Exercise prompt -
Your reply should be an exact copy of every entry, with the pictures removed.
━━━━━ Provided records ━━━━━
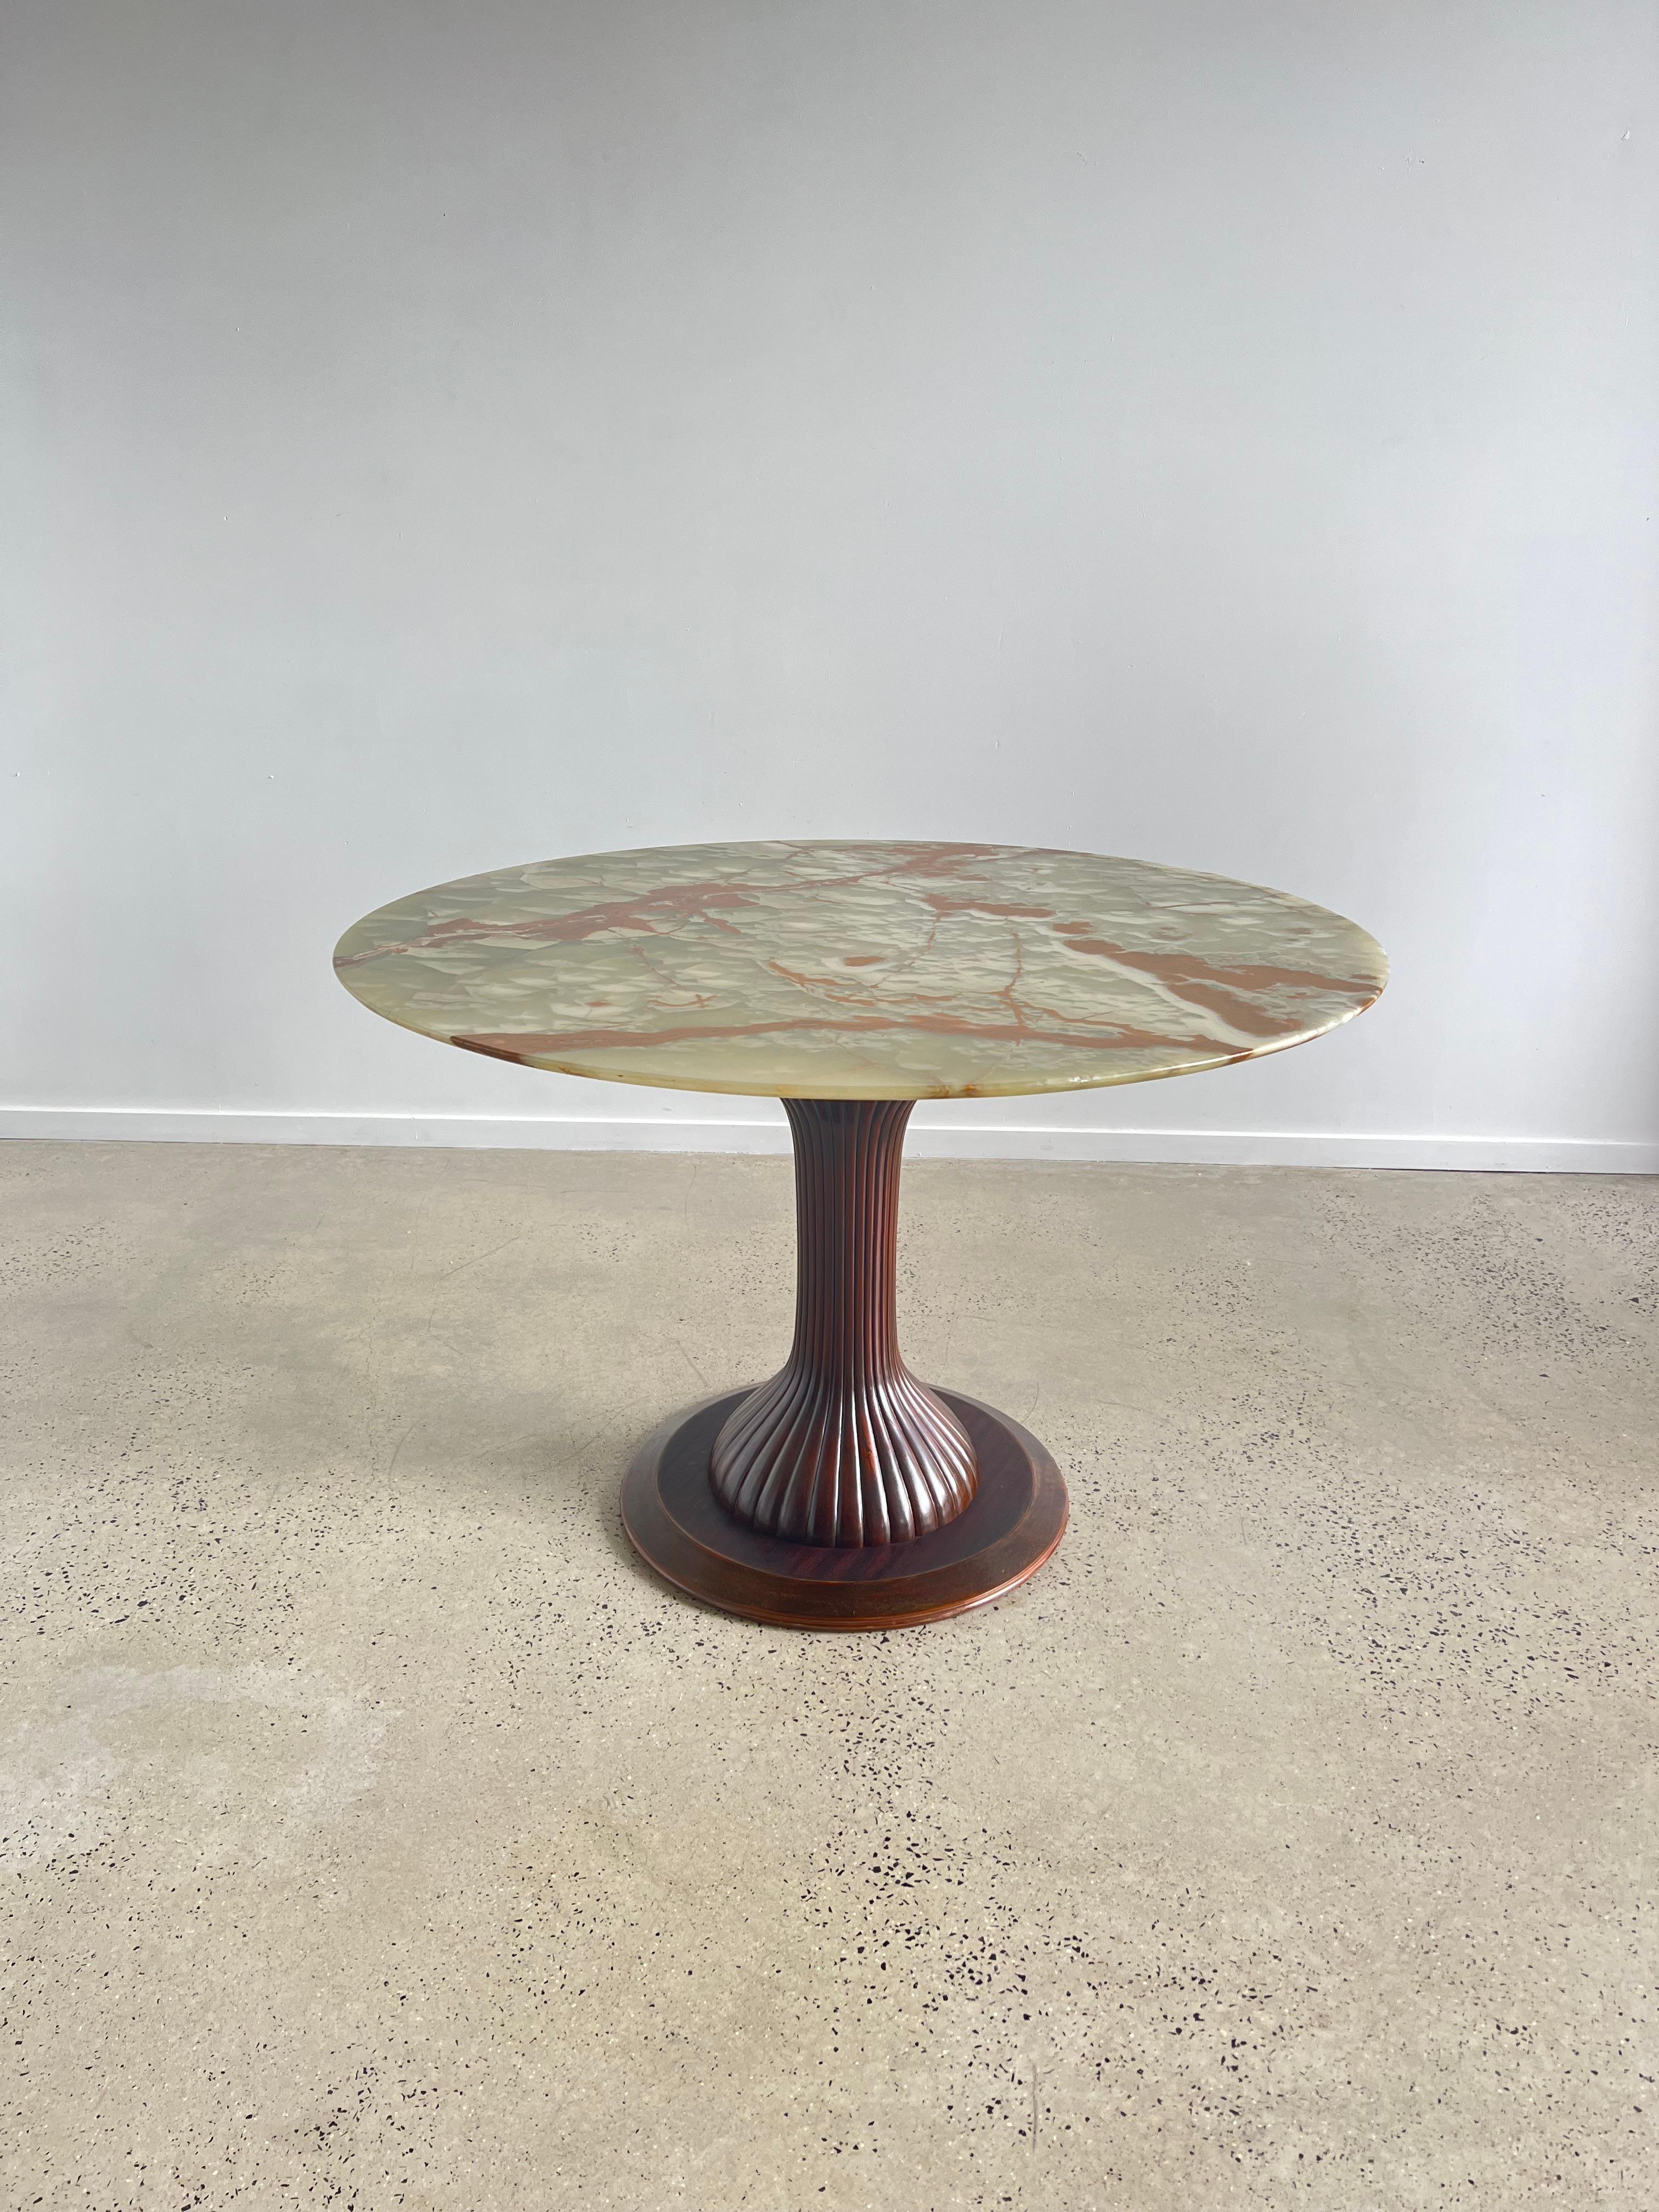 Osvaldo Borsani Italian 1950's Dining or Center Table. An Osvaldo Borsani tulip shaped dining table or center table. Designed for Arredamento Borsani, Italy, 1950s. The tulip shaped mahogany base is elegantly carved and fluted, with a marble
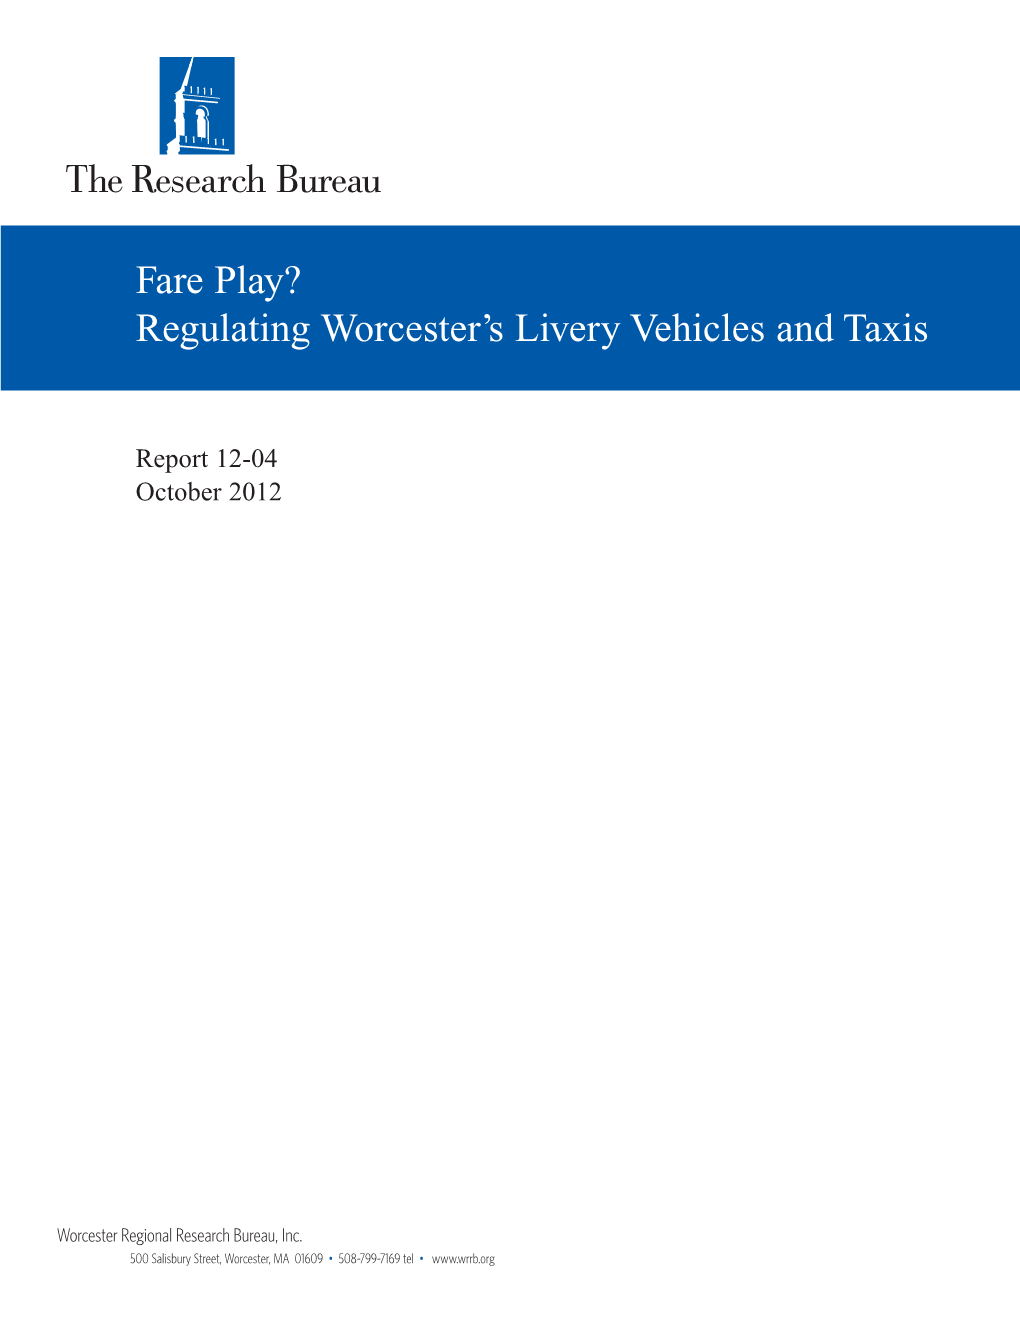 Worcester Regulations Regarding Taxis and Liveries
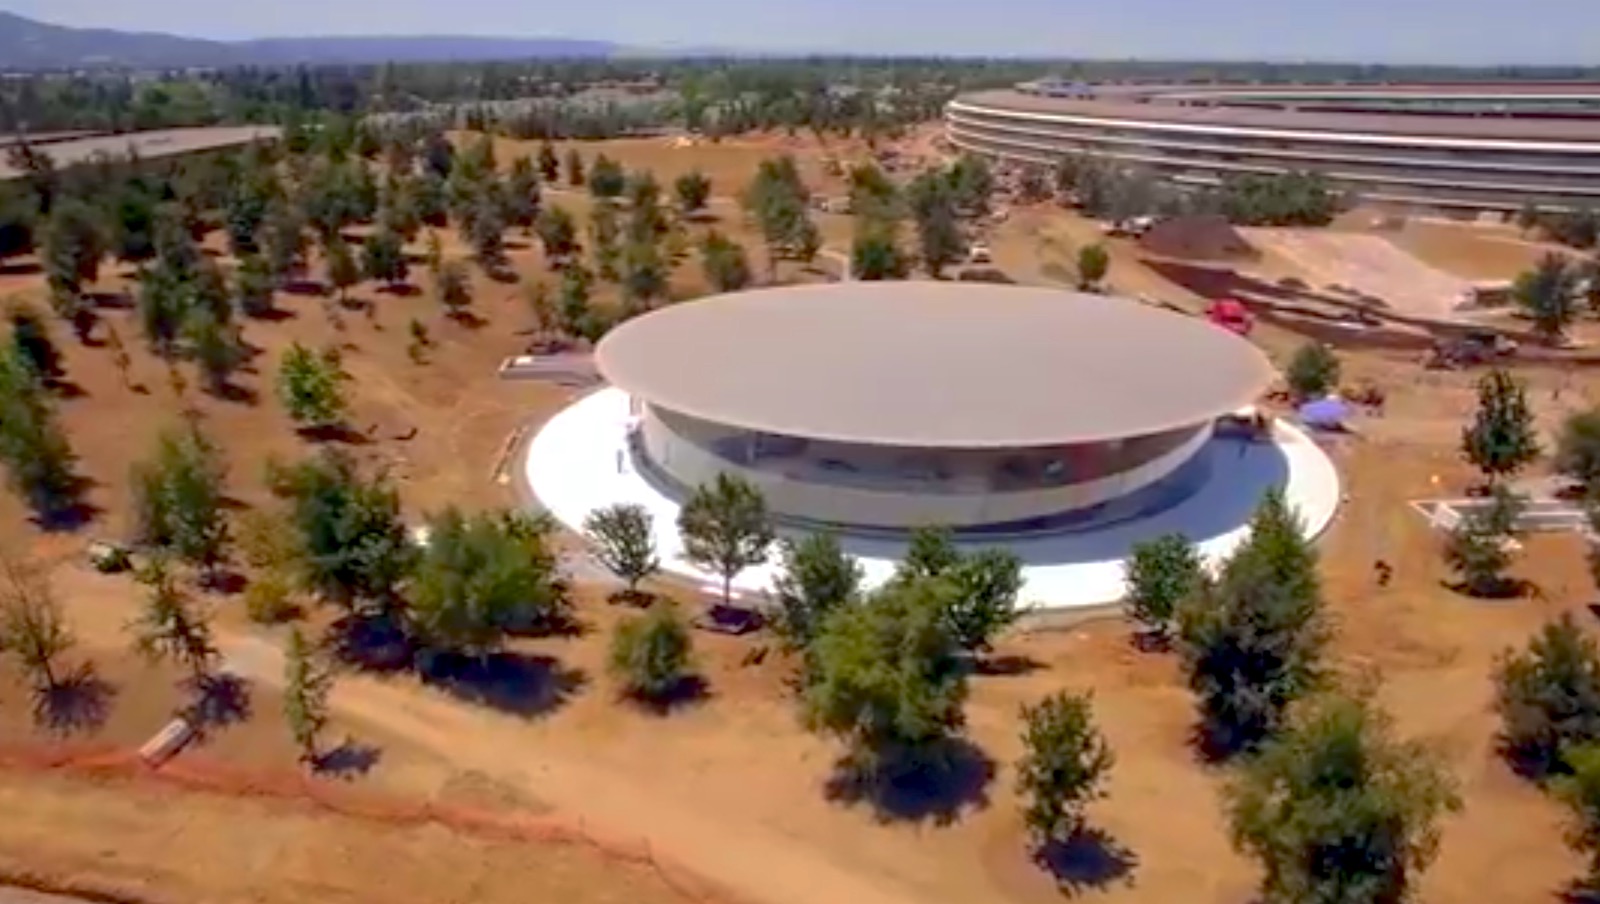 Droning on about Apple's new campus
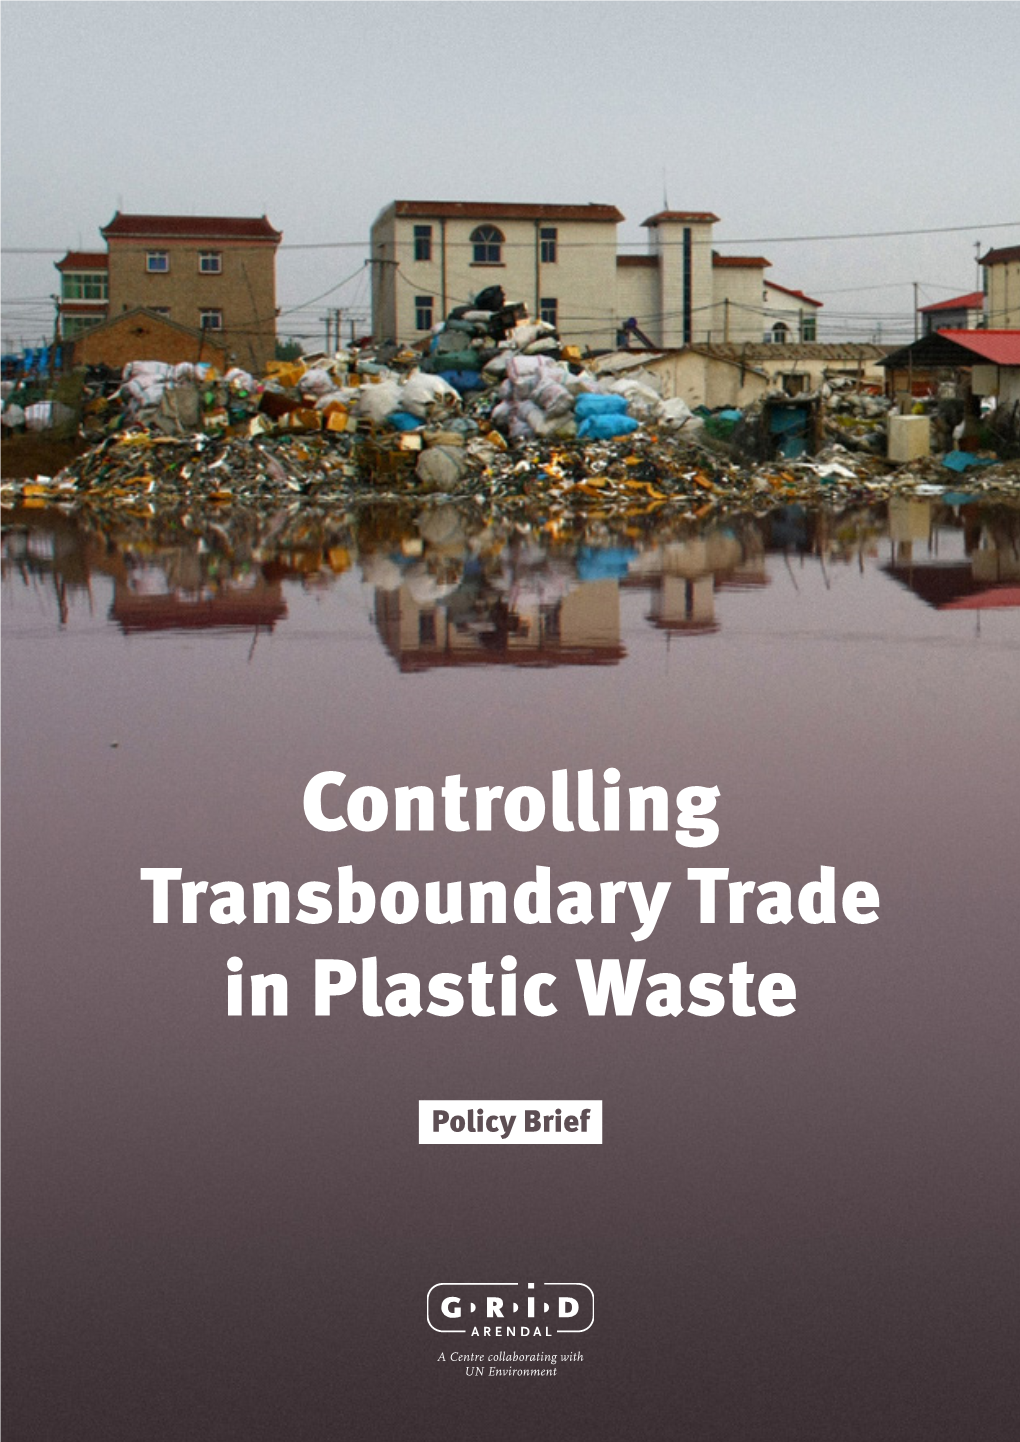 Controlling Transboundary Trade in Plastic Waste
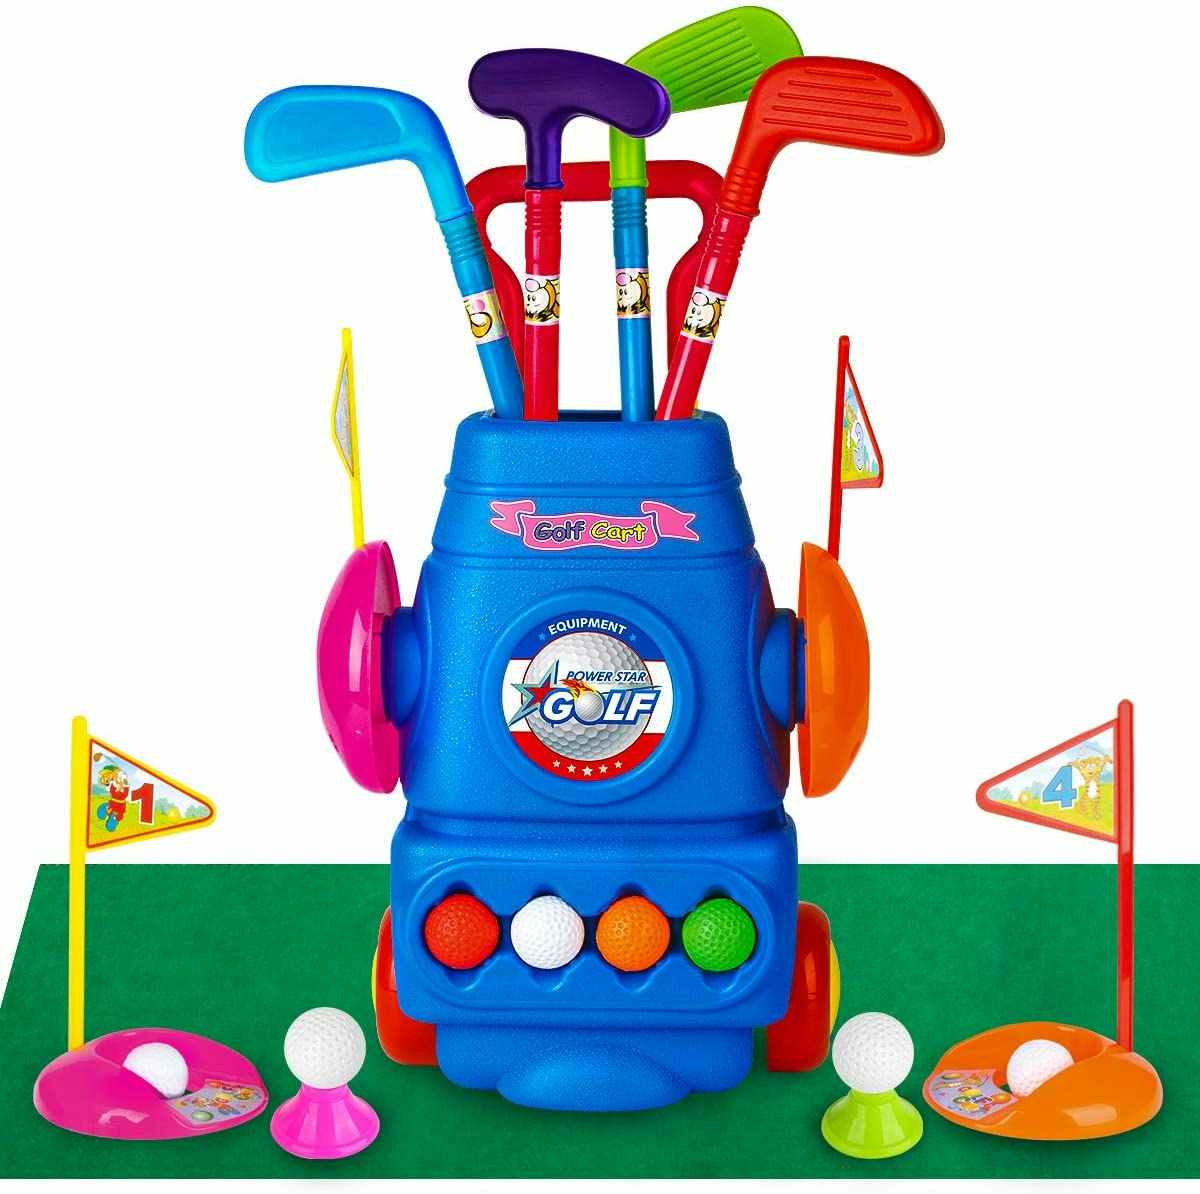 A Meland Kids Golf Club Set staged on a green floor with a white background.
━━━━━
Answer space -
 Osvaldo Borsani Italian 1950's Dining or Center Table. An Osvaldo Borsani tulip shaped dining table or center table. Designed for Arredamento Borsani, Italy, 1950s. The tulip shaped mahogany base is elegantly carved and fluted, with a marble
 Worcester Regulations Regarding Taxis and Liveries
 Droning on about Apple's new campus
 Controlling Transboundary Trade in Plastic Waste
 A Meland Kids Golf Club Set staged on a green floor with a white background.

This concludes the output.